TASK TO COMPLETE => Take the lines from the one containing "Dnaj/Hsp40 Chaperone Domain" through the end of the material and write them out exactly, omitting pictures.

SOURCE MATERIAL Start Marker

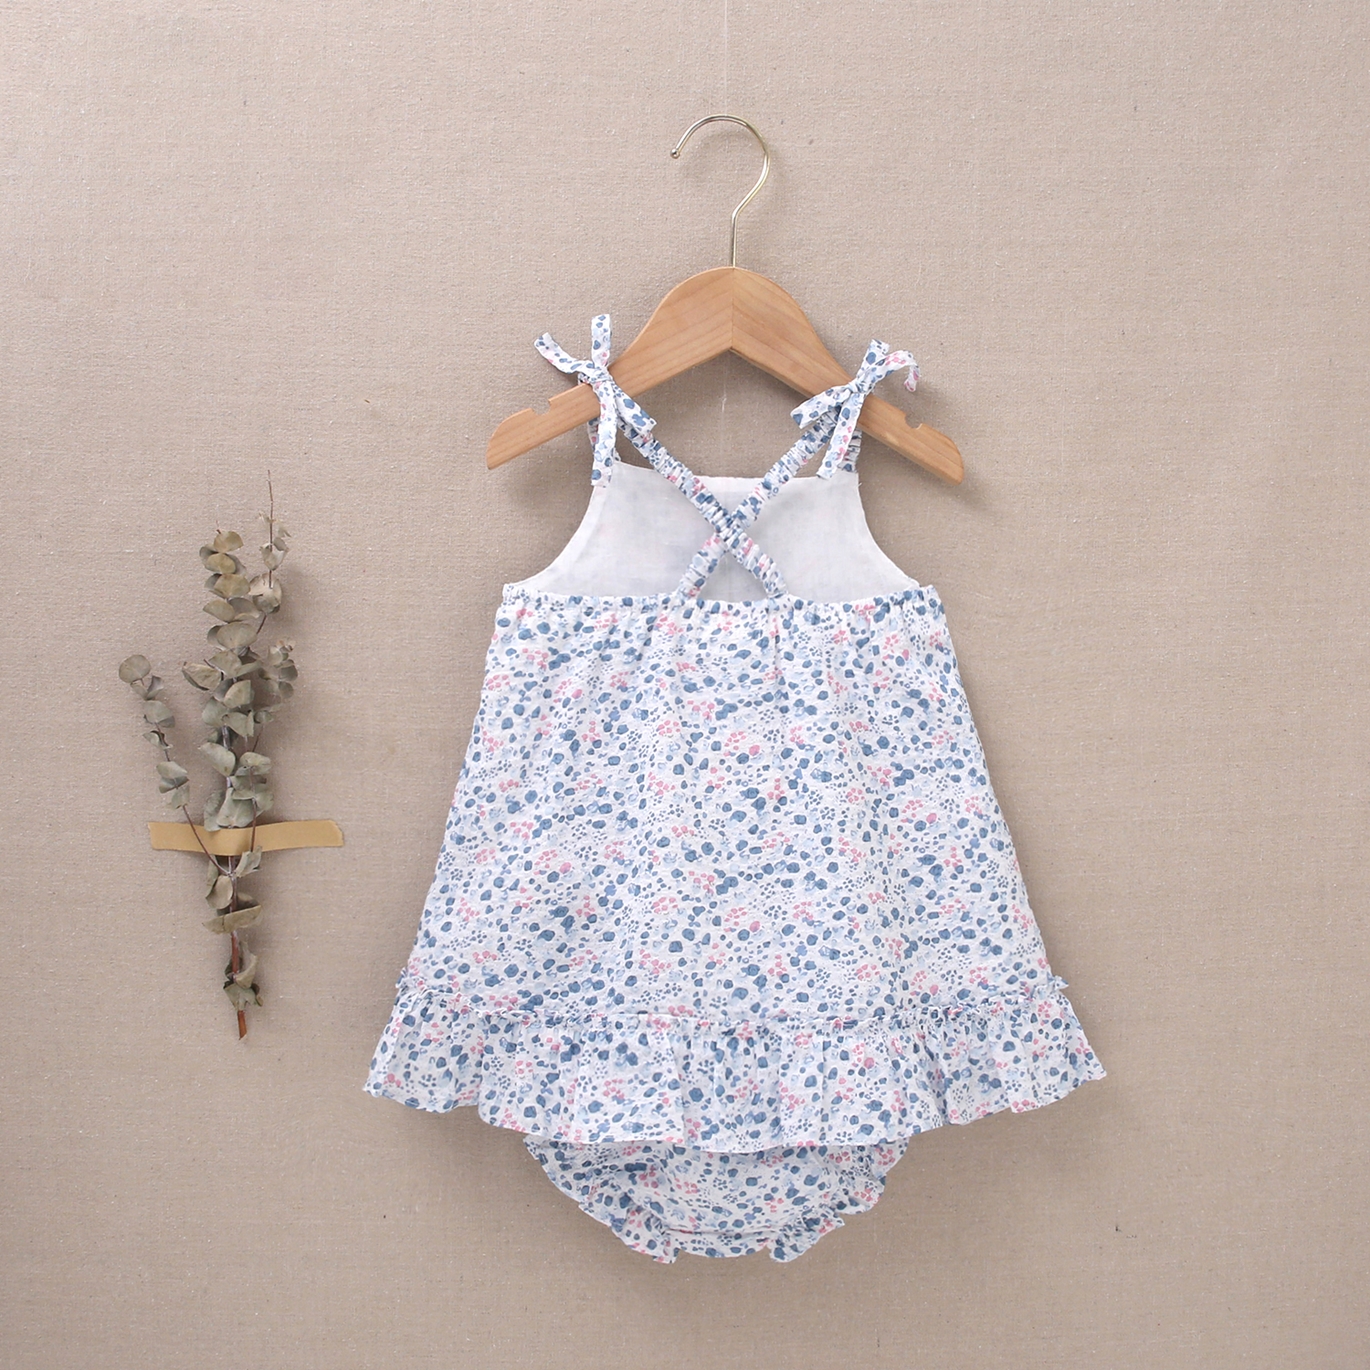 Imagen de Vestido de bebé niña con cubrepañal estampado de flores en tonos azules
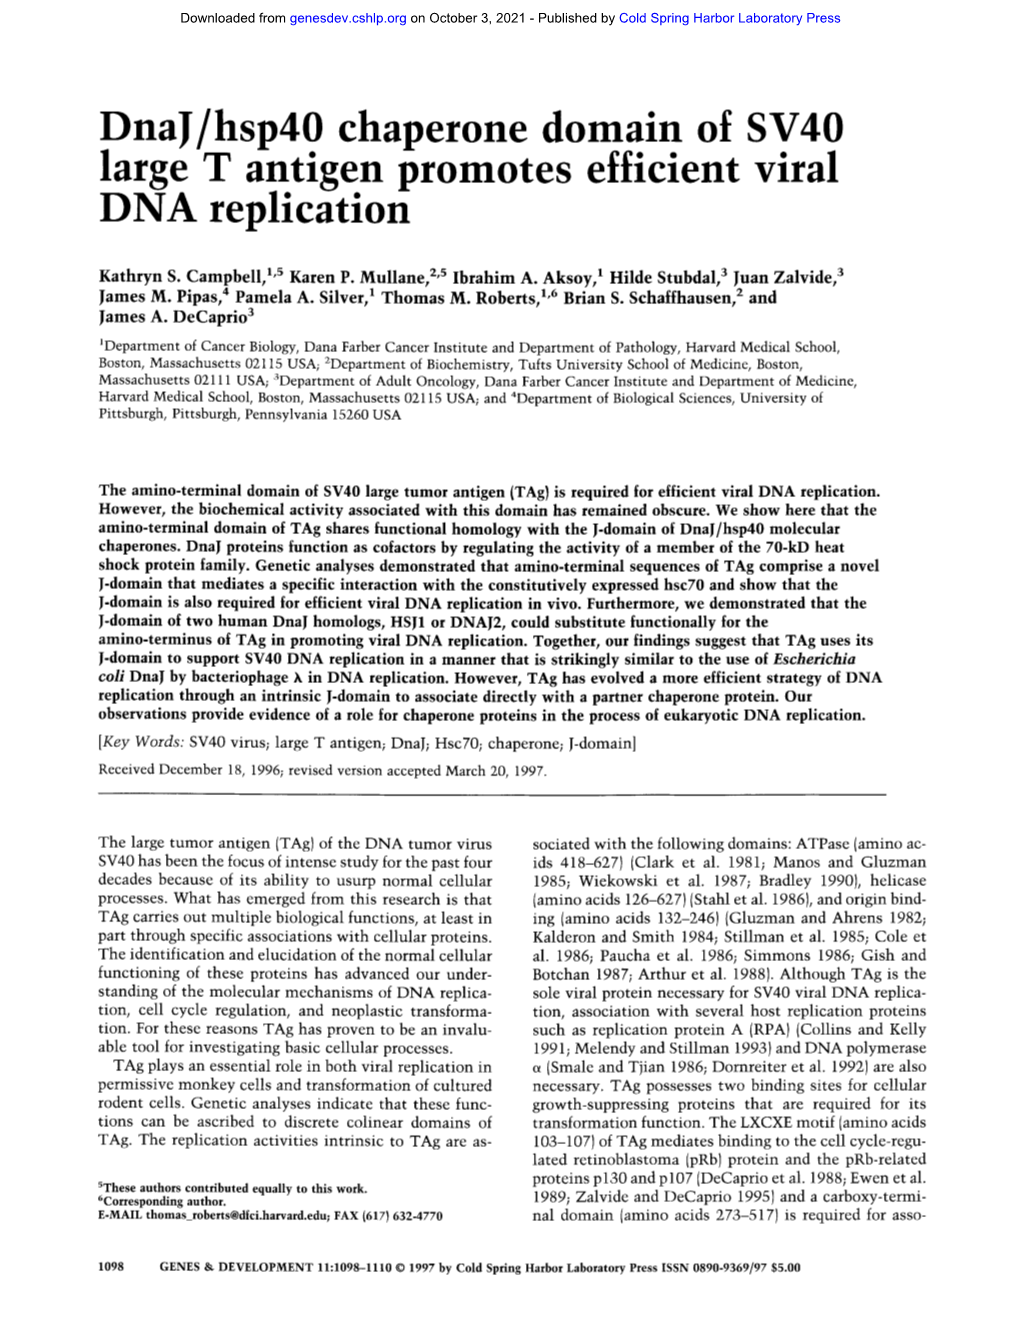 Dnaj/Hsp40 Chaperone Domain of SV40 Large T Antigen Promotes Efhclent Viral DNA Replication
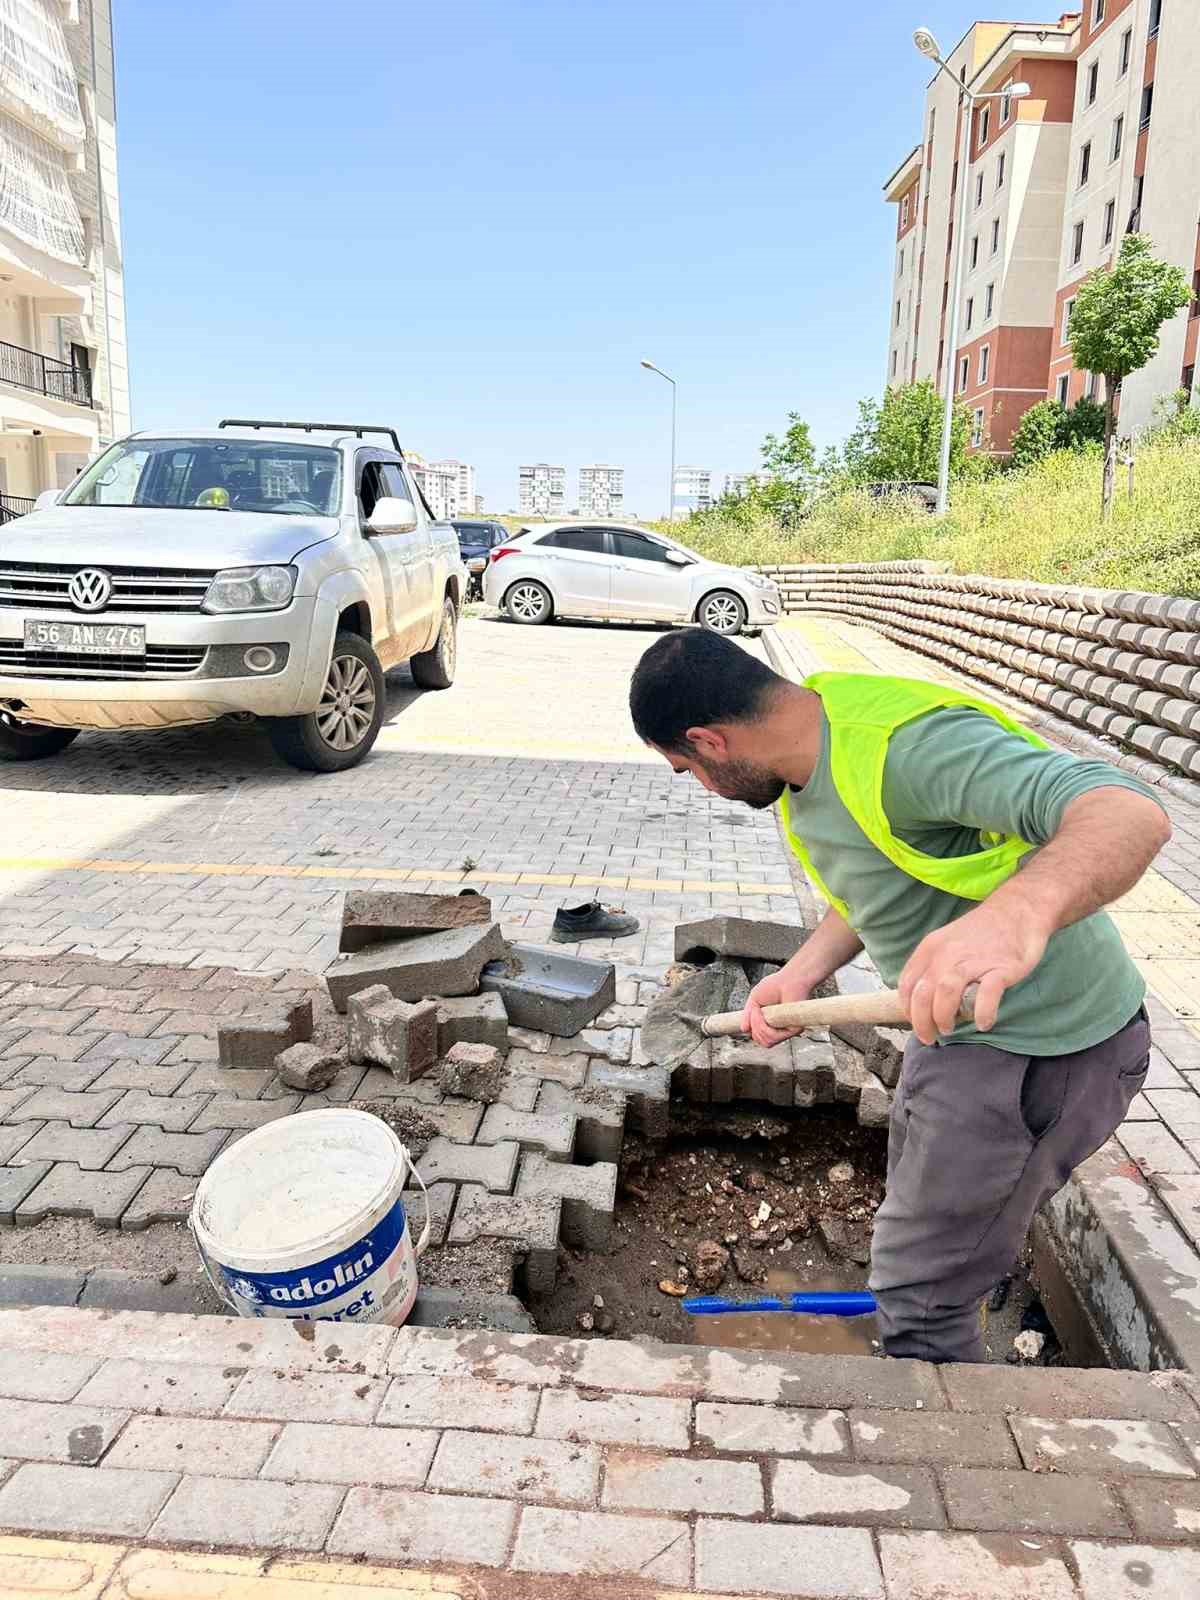 Siirt Belediyesi kaçak su kullanımının önüne geçmek için çalışma başlattı
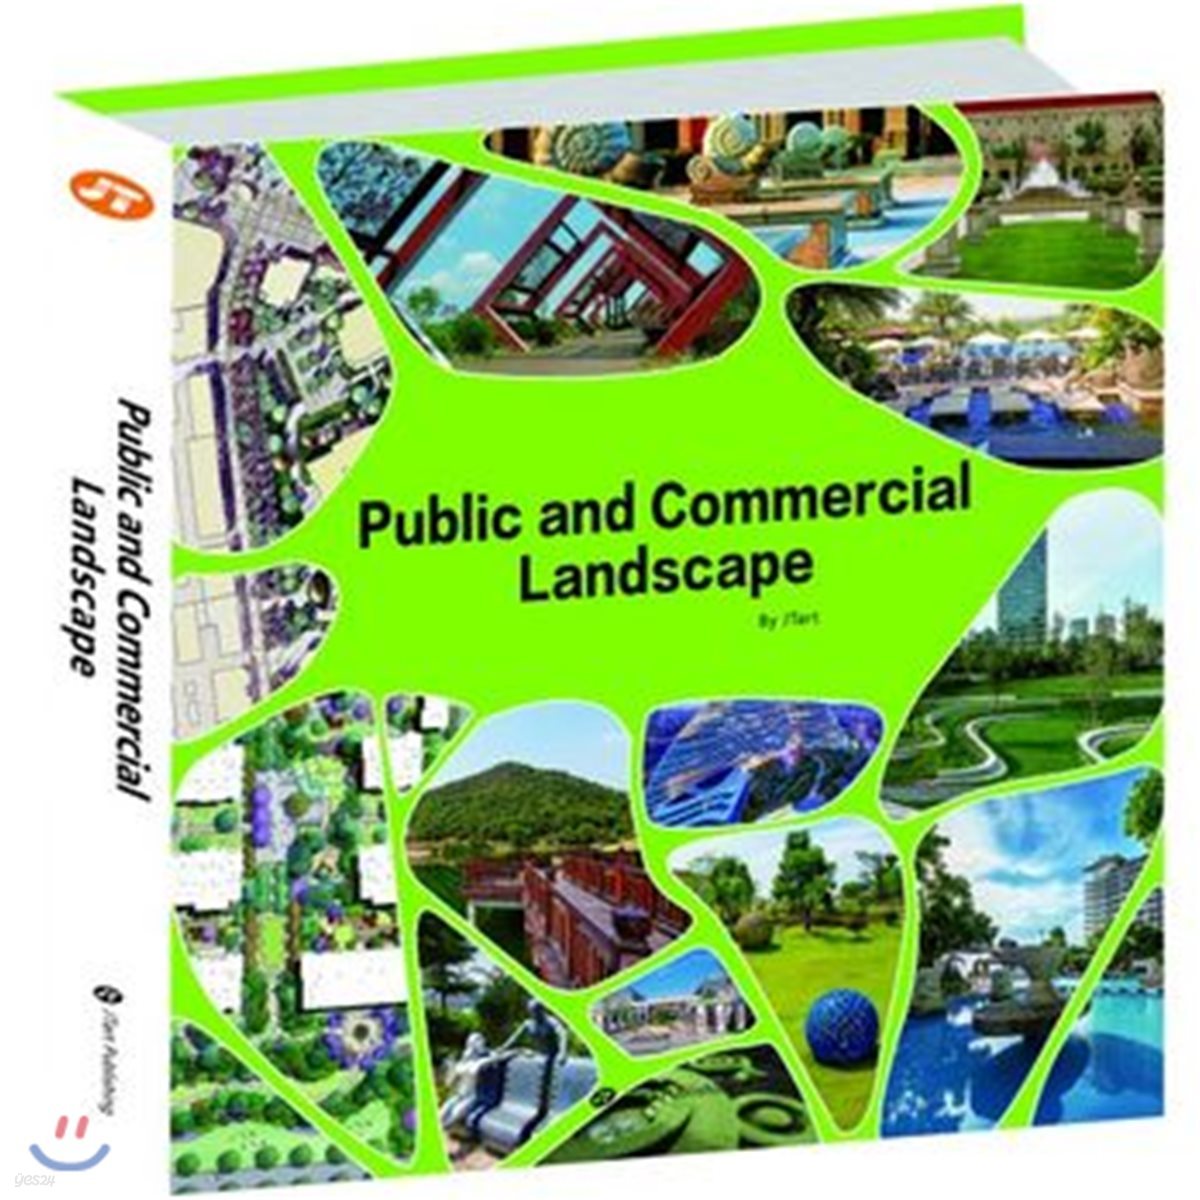 Public and Commercial Landscape

SOURCE MATERIAL End Marker

EXPECTED OUTPUT =>
 Dnaj/Hsp40 Chaperone Domain of SV40 Large T Antigen Promotes Efhclent Viral DNA Replication
 Siirt Belediyesi kaçak su kullanımının önüne geçmek için çalışma başlattı
 Public and Commercial Landscape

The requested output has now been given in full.